PIAZZA DEL COMMERCIO È ANCORA SENZA COMMERCIO. UN VERO SCHIAFFO A CITTADINI, IMPRENDITORI E LAVORATORI DI ORVIETO SCALO, CHE TRASCINA IN UNA CRISI INFINITA DEL VALORE ANCHE “IL BORGO” CON I SUOI SERVIZI.

Piazza del Commercio è ancora senza commercio. Così come il vicino Centro “Il Borgo” che, privati del grande attrattore che era il negozio Coop, hanno visto spostarsi ingenti flussi dei cittadini da un’area all’altra con conseguente modifica dei valori dei fondi commerciali, depositi, e delle Infrastrutture condominiali.
Mentre è vero che il comune non può e non deve sostituirsi al privato è anche vero che le attività del comune in relazione alle riqualificazioni stradali ed alla concessione degli spazi per i grandi centri commerciali insieme alla mobilità valgono nello sviluppo cittadino molte volte le leve fiscali che ogni tanto certi ex assessori pensano di presentare come una panacea. A proposito questo impoverimento diffuso è avvenuto in costanza dell’opera per l’appunto degli stessi ex assessori e, come se non bastasse, entrambi i gruppi di ex maggioranza e maggioranza attuale ci hanno lasciati soli quando abbiamo portato in discussione l’assegnazione delle licenze per la grande superficie di vendita e il problema dell’eccessiva concentrazione nelle mani della singola Coop che aveva appena rilevato il gruppo Superconti.

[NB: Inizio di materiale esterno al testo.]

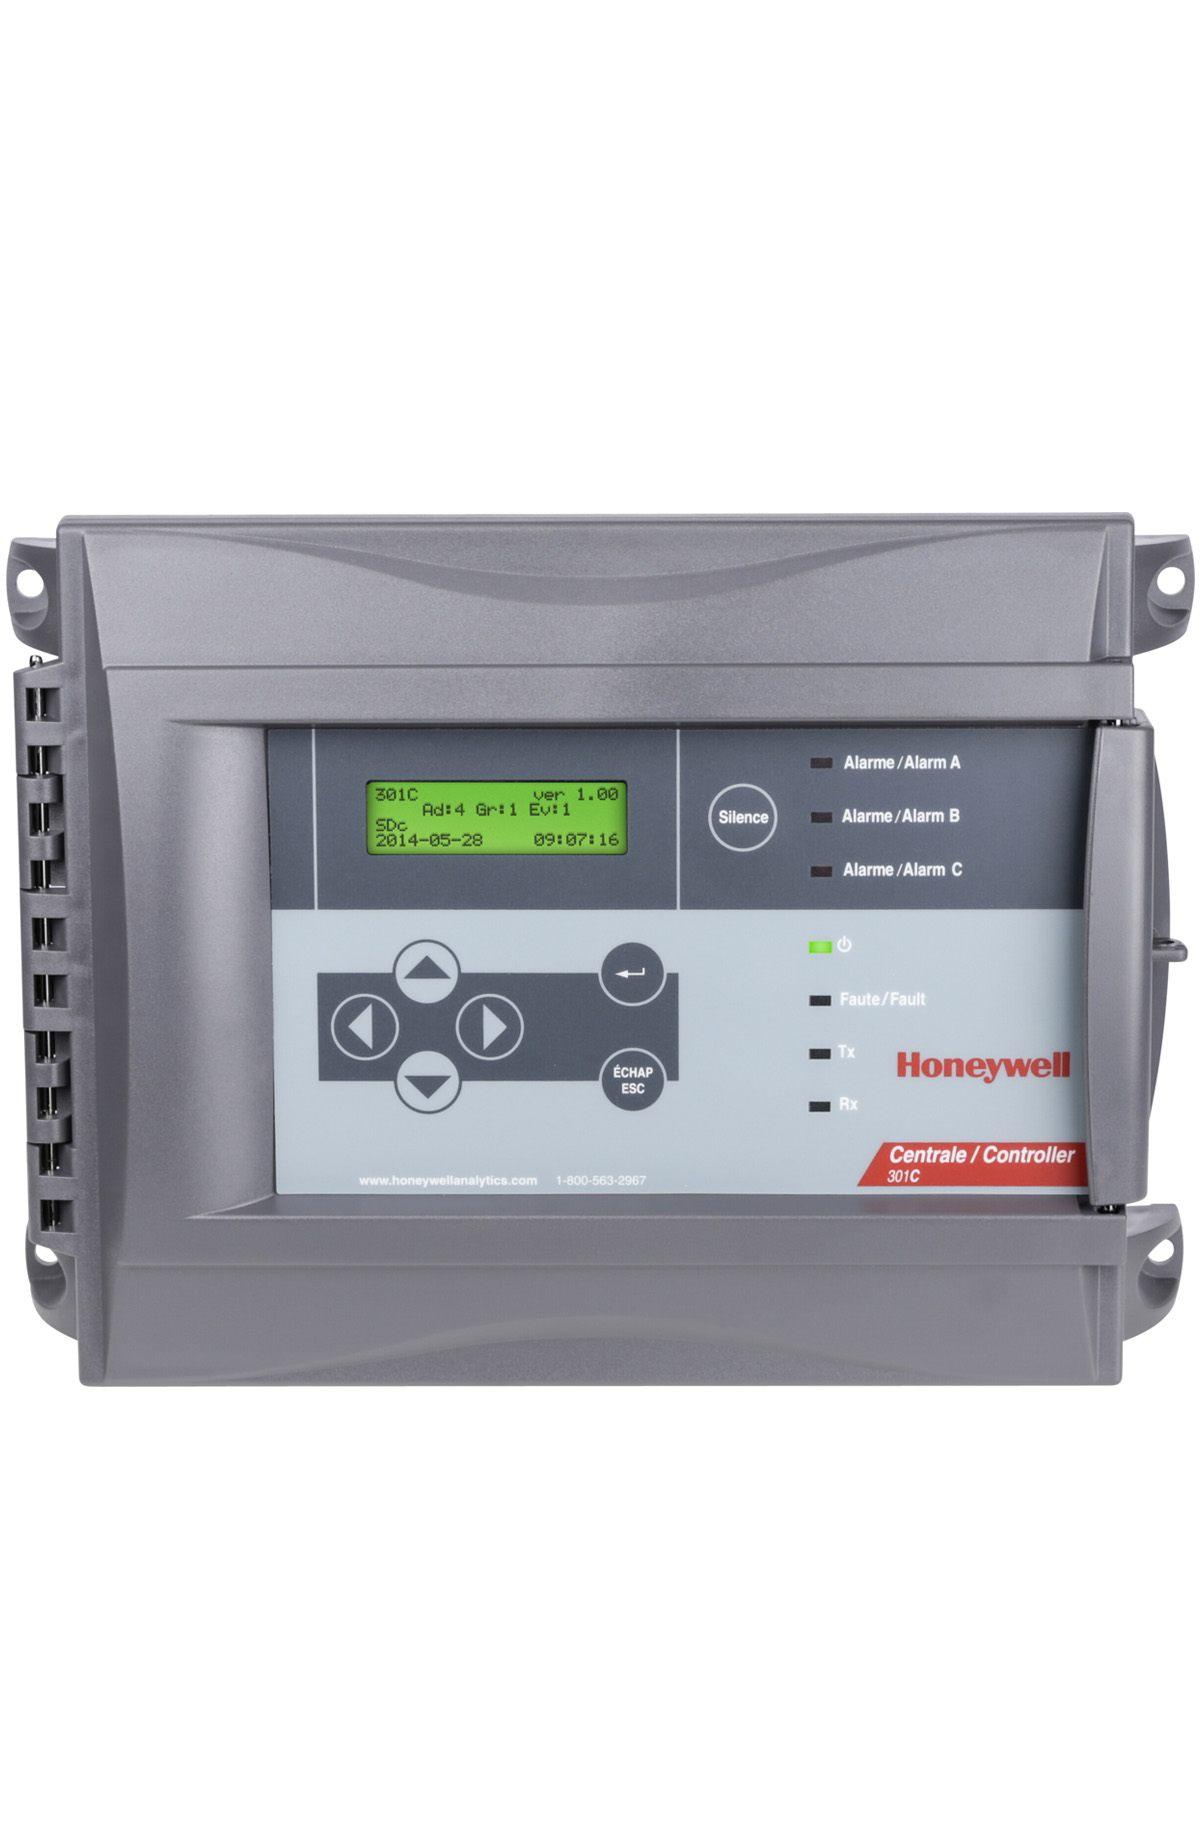 301 C Honeywell Analytics Gas Detection

Insomma liberisti quando conviene protezionisti quando c’è di mezzo il bacino di voti e nel frattempo la situazione è rimasta quella che c’era ormai 5 anni fa.

C’è una crisi conclamata e nessuno che abbia avuto il coraggio di prendere di petto la situazione. Coraggio ai proprietari e ai residenti. Coraggio a chi vorrebbe tornare a lavorare. Il 2019 non è lontanissimo.

Bando Piazzole nel Mercatini: pasticcio all’italiana

Un pasticcio, un autentico pasticcio.

La latitanza di un assessore al commercio fino alle decisioni di Giunta del 5 dicembre si vede, eccome! Ora poi con la riorganizzazione dovuta all’arrivo dell’Assessore Cannistrà alcune deleghe sono scomparse del tutto e tra queste quella del commercio prima esistente ed in capo alla dimissionaria dottoressa Martino.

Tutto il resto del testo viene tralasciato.